Cranberry Cream Cheese Pastries (Printable)

Flaky puff pastry filled with tangy cranberry sauce and creamy cheese for a festive treat.

# What You Need:

→ Pastry

01 - 1 sheet puff pastry (about 8.8 oz), thawed
02 - 1 egg, beaten (for egg wash)

→ Cream Cheese Filling

03 - 4 oz cream cheese, softened
04 - 2 tablespoons granulated sugar
05 - ½ teaspoon vanilla extract

→ Cranberry Sauce

06 - 1 cup fresh or frozen cranberries
07 - ⅓ cup granulated sugar
08 - 1 tablespoon orange juice
09 - 1 teaspoon orange zest
10 - Pinch of salt

→ Optional Topping

11 - 2 tablespoons powdered sugar (for dusting)

# How to Make It:

01 - Preheat the oven to 400°F. Line a baking sheet with parchment paper.
02 - In a small saucepan, combine cranberries, sugar, orange juice, orange zest, and salt. Cook over medium heat, stirring occasionally, until cranberries burst and mixture thickens, about 7 minutes. Remove from heat and set aside to cool.
03 - In a bowl, beat cream cheese with sugar and vanilla extract until smooth and creamy.
04 - On a lightly floured surface, roll out the puff pastry into a 10x10 inch square. Cut into 8 equal rectangles.
05 - Place pastry rectangles on the prepared baking sheet. Spoon about 1 tablespoon of cream cheese filling onto the center of each, then top with 1 tablespoon of cranberry sauce.
06 - Fold the corners of each rectangle toward the center, pinching lightly to seal, or leave open for a rustic look.
07 - Brush each pastry with the beaten egg to achieve a golden finish.
08 - Bake for 15 to 18 minutes, or until golden brown and puffed.
09 - Allow pastries to cool slightly, then optionally dust with powdered sugar.

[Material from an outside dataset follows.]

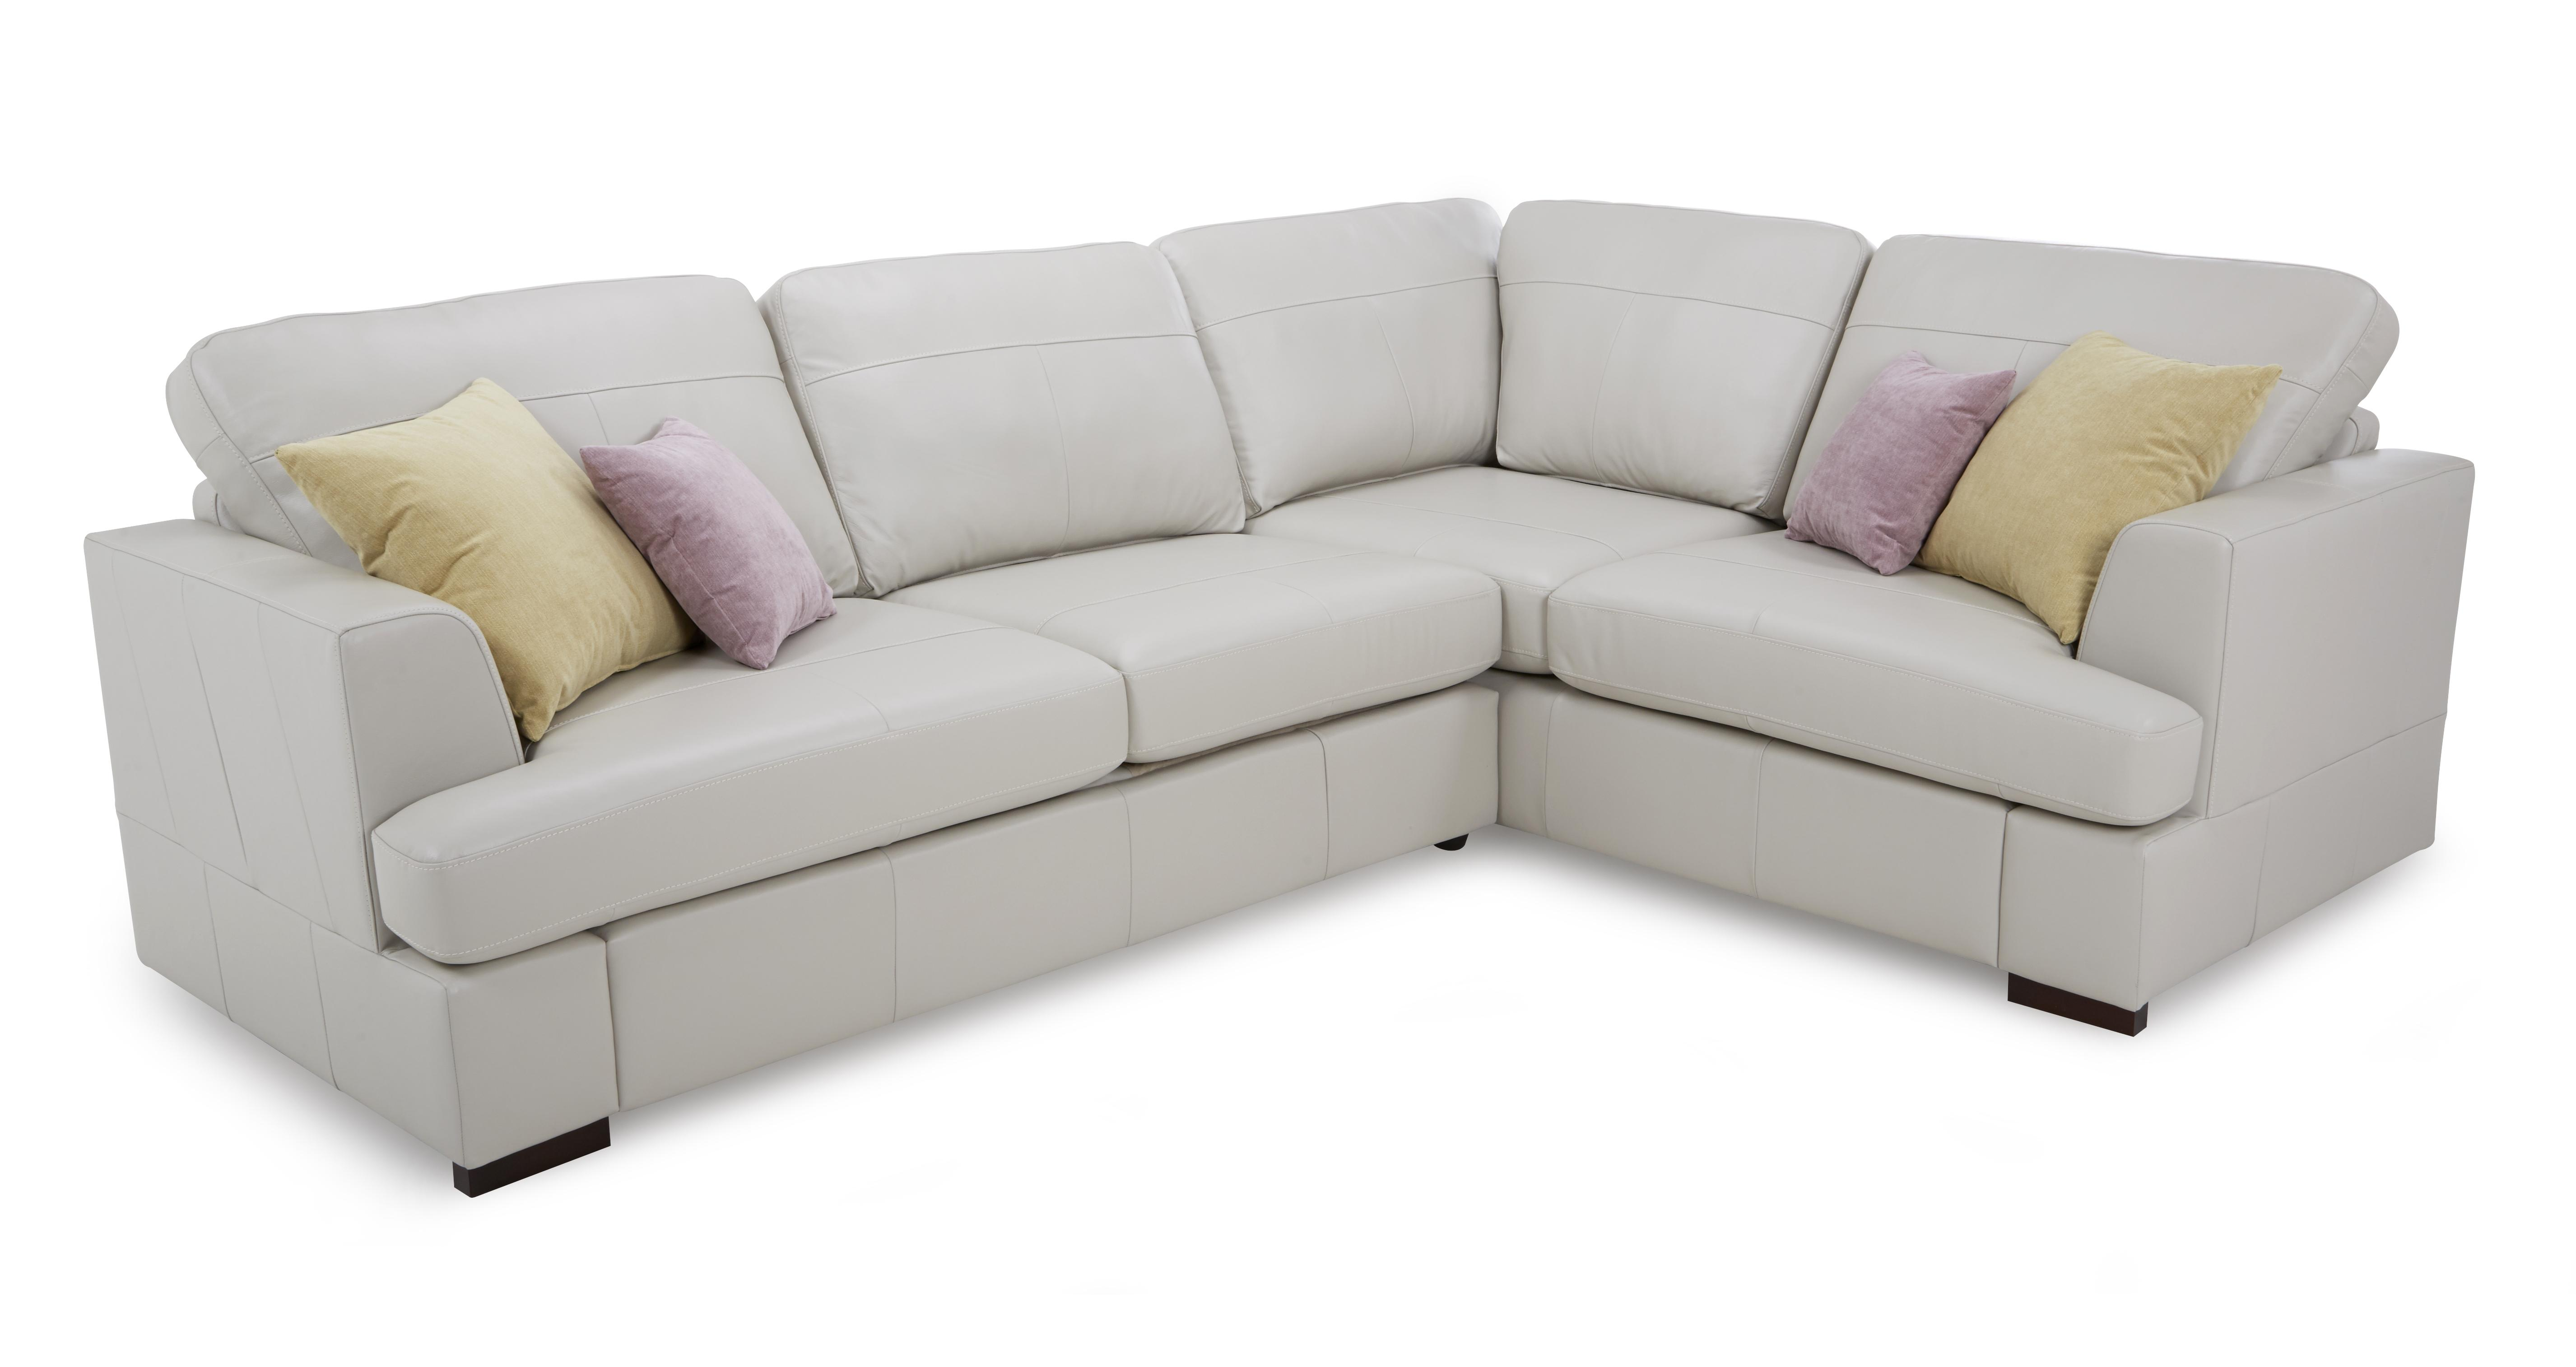 Superb Freya Leather Left Hand Facing 2 Piece Corner Sofa Machost Co Dining Chair Design Ideas Machostcouk
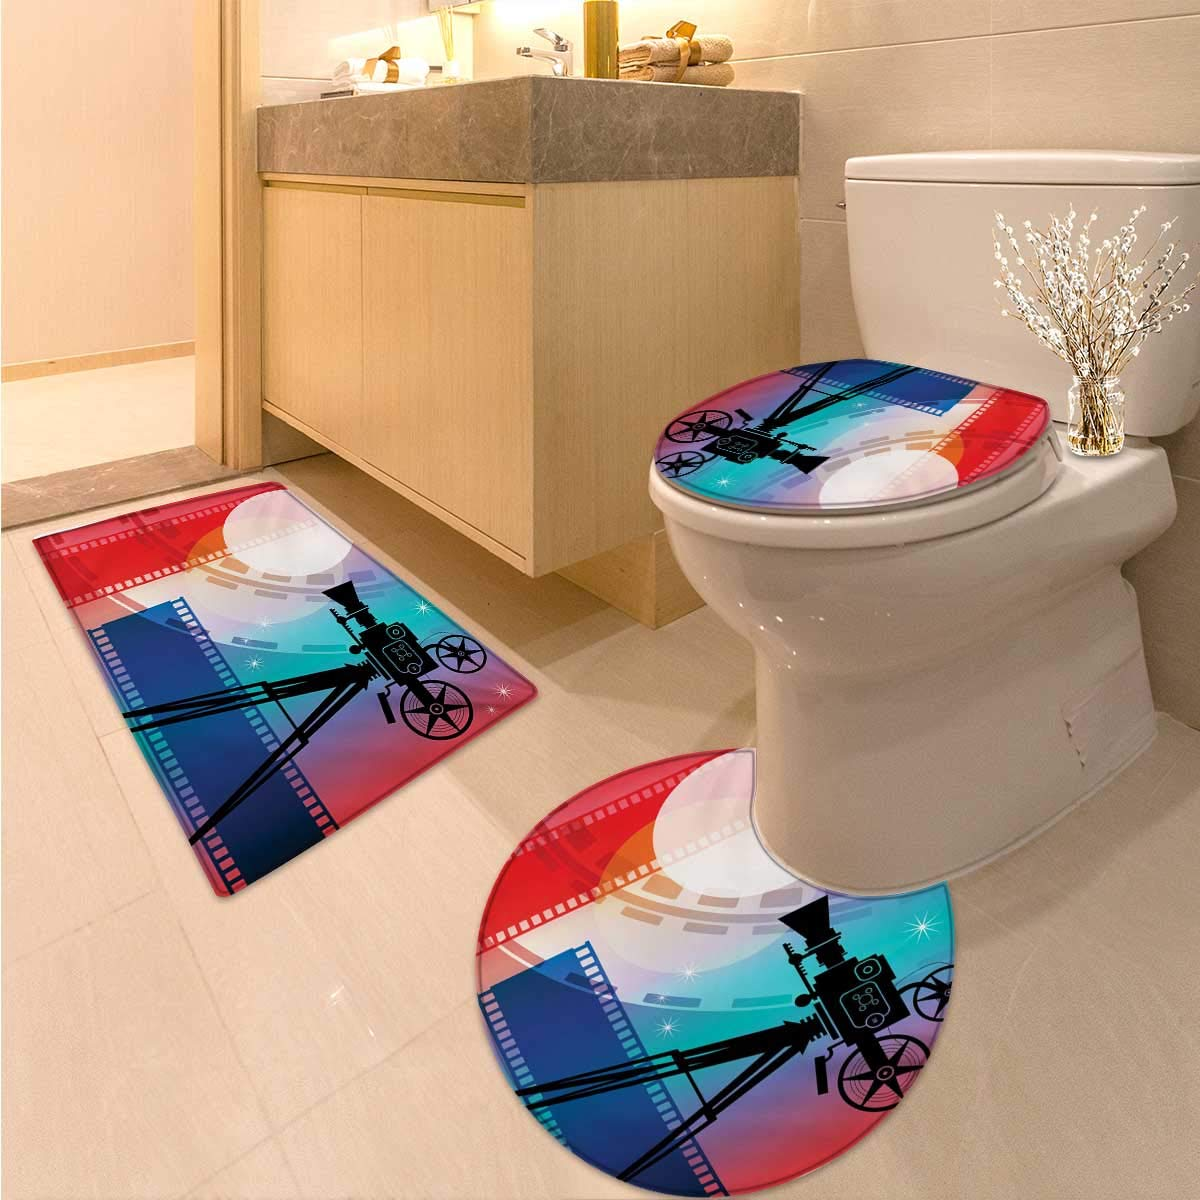 Anhuthree Cinema Toilet Carpet Floor mat Set Colorful Projector Silhouette with Movie Reel Vintage Design Entertainment Theme Bath Rug Set Multicolor

Serve warm or at room temperature.

# Expert Tips:

01 -
  • They look fancy enough to impress guests but take less than an hour from start to table.
  • The sharp-sweet cranberry sauce paired with rich cream cheese is the kind of flavor combination that makes people close their eyes mid-bite.
  • You can prep the filling and sauce ahead, then assemble and bake just before serving.
02 -
  • Let your cranberry sauce cool completely before filling the pastries—warm sauce will soften the cream cheese and make the filling leak out while baking.
  • Don't skip the egg wash; it's what gives these pastries that restaurant-quality shine and ensures even golden browning.
  • If your puff pastry cracks while rolling, pinch the seam together gently—small imperfections actually add to the rustic charm.
03 -
  • Keep your puff pastry cold until the moment you cut and fill it—cold pastry puffs better and more dramatically in the oven.
  • If your oven runs hot, keep an eye on the pastries after 12 minutes; golden brown is the goal, not dark brown.